MST (Minimum Spanning Tree) Discussion
This discussion complements Assignment #6.
Definition
Let G = (V,E) be an undirected graph. G is composed of a set of vertices and a set of edges. Let n be the number of vertices and m be the number of edges of G, and let the vertices be designated by the numbers, 1,2,...,n. A weighted graph is an undirected graph in which each edge e also has an associated weight, which we will assume is a positive integer. So we will use the triple e = (w,i,j) to designate an edge, where w is the weight of e, i is the first vertex of e, and j is the second vertex of e.
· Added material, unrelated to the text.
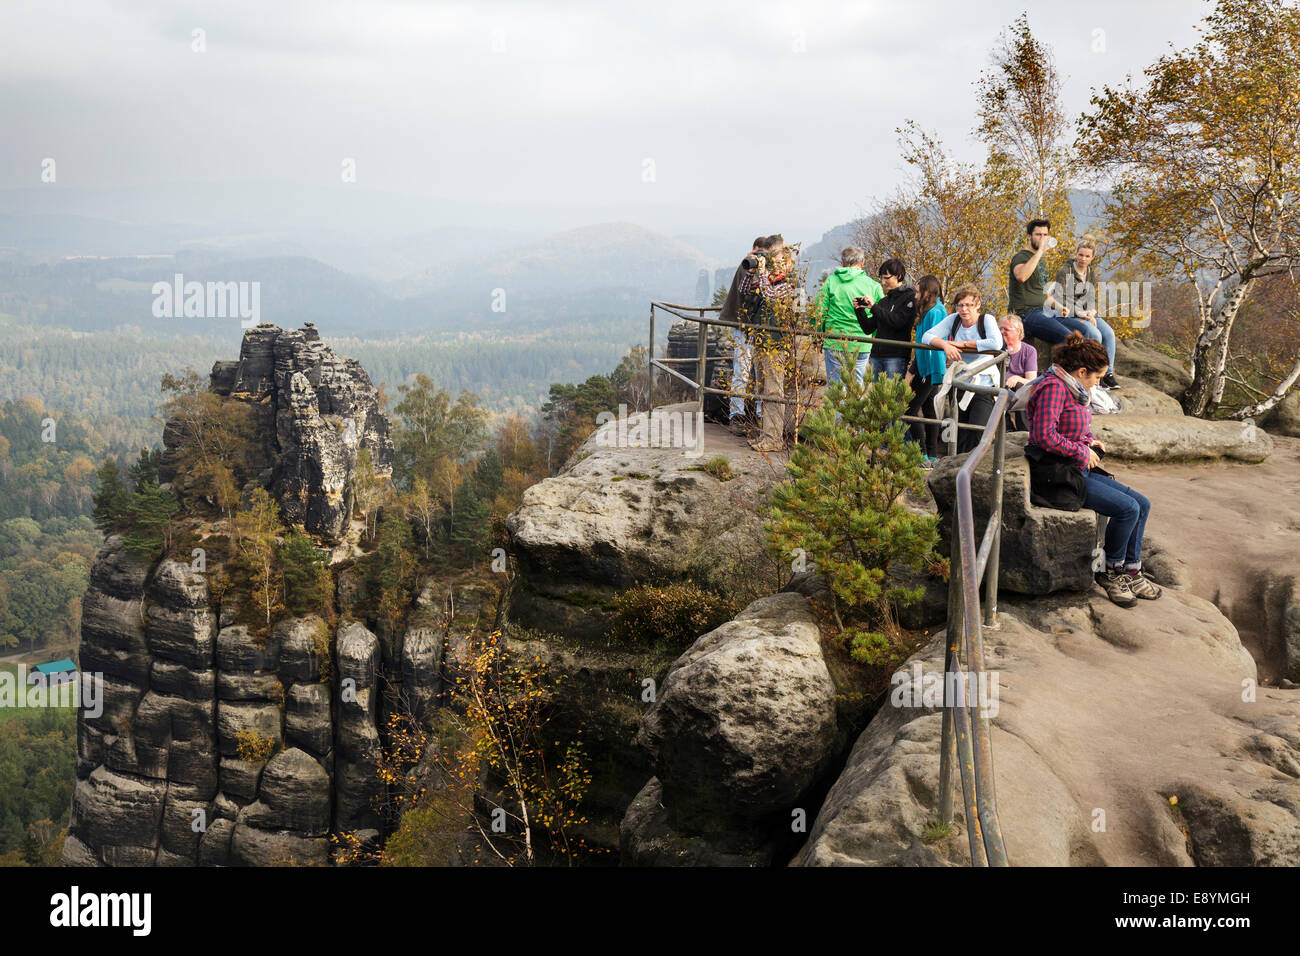 Hikers at the Schrammstein viewing point, Sachsische Schweiz, Saxony, Germany Stock Photo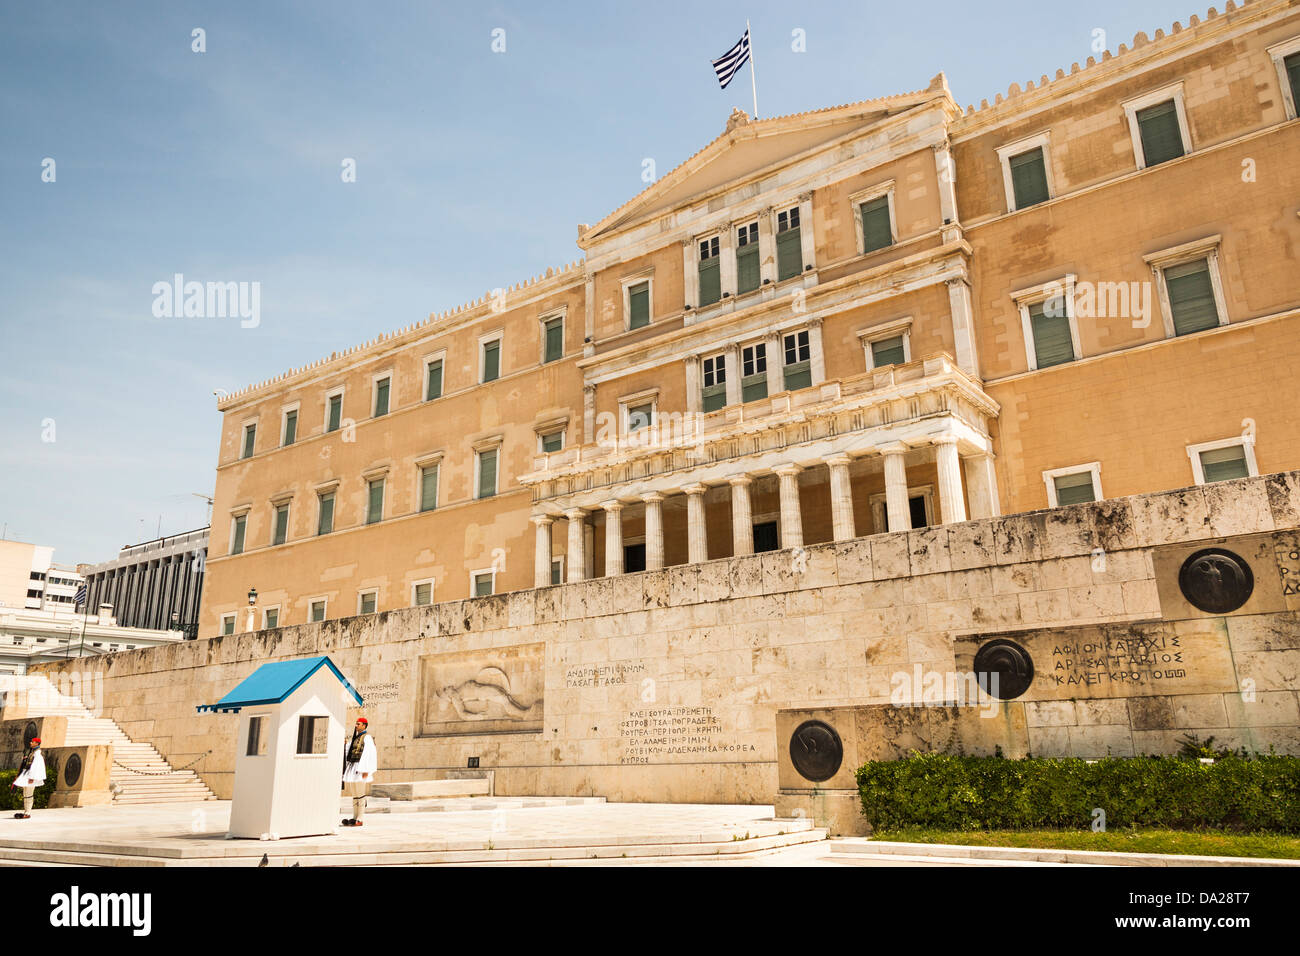 Das nationale Parlamentsgebäude und Grab des unbekannten Soldaten, Syntagma-Platz, Athen, Griechenland Stockfoto

If there is a path between every two vertices i and j, G is called connected. Otherwise G is disconnected.
Input Format
Graphs for input to the program are specified in text files. An illustration of how to read integers from a text file is contained in ReadInts.java in the examples directory. Graph files can be created by hand using a text editor. There are also two programs called MakeGraph.java and MakeGraph2.java in the examples directory which can be used to create sparse and dense graphs of arbitrary sizes. The input to specify a graph is formatted as follows: The first line contains two integers, n and m, which give the number of vertices in the graph and the number of edges, respectively. Each line that follows specifies a single edge. Each edge is defined by three integers which give, in order, the weight, the first vertex, and the second vertex of a given edge. Thus the input for the graph shown in Fig 1 would be as follows:
7 12 8 1 2 12 1 6 5 1 5 4 2 3 2 2 4 6 5 4 4 5 6 3 4 3 6 6 4 7 7 3 5 7 4 1 6 7
Edge List Representation
A graph G can be represented by an edge list. An edge list is an array, which we will call EdgeList, containing m items so that each item corresponds to an edge. Each item will have three data members of type int: the weight, the first vertex and the second vertex of the edge. So in our case each item will be an instance of class Edge. The edge list of the graph in Fig 1 is illustrated below.
| Weight | 8 | 12 | 5 | 4 | 2 | 6 | 4 | 3 | 6 | 7 | 5 | 1 |
| First | 1 | 1 | 1 | 2 | 2 | 5 | 5 | 4 | 6 | 7 | 7 | 6 |
| Second | 2 | 6 | 5 | 3 | 4 | 4 | 6 | 3 | 4 | 3 | 4 | 7 |
Adjacency List Representation
A graph G can also be represented by an adjacency list. This representation is slightly more complex than an edge list, but is more useful in most applications. For each vertex i (1 ≤ i ≤ n), all edges incident to vertex i are stored in a list. Each item in list(i) corresponds to an edge incident to i and has three integer data members: the weight, the first vertex, and the second vertex of the edge. So in our case we will have an array ADJ[1..n] of such lists, each list being a queue of edges. So each ADJ[i] is basically a reference to the first item in list(i). Note that an edge e = (w,i,j) will have two items corresponding to it: one in list(i) and another one in list(j).
The adjacency list representation of the graph shown in Fig 1 is given immediately below the figure.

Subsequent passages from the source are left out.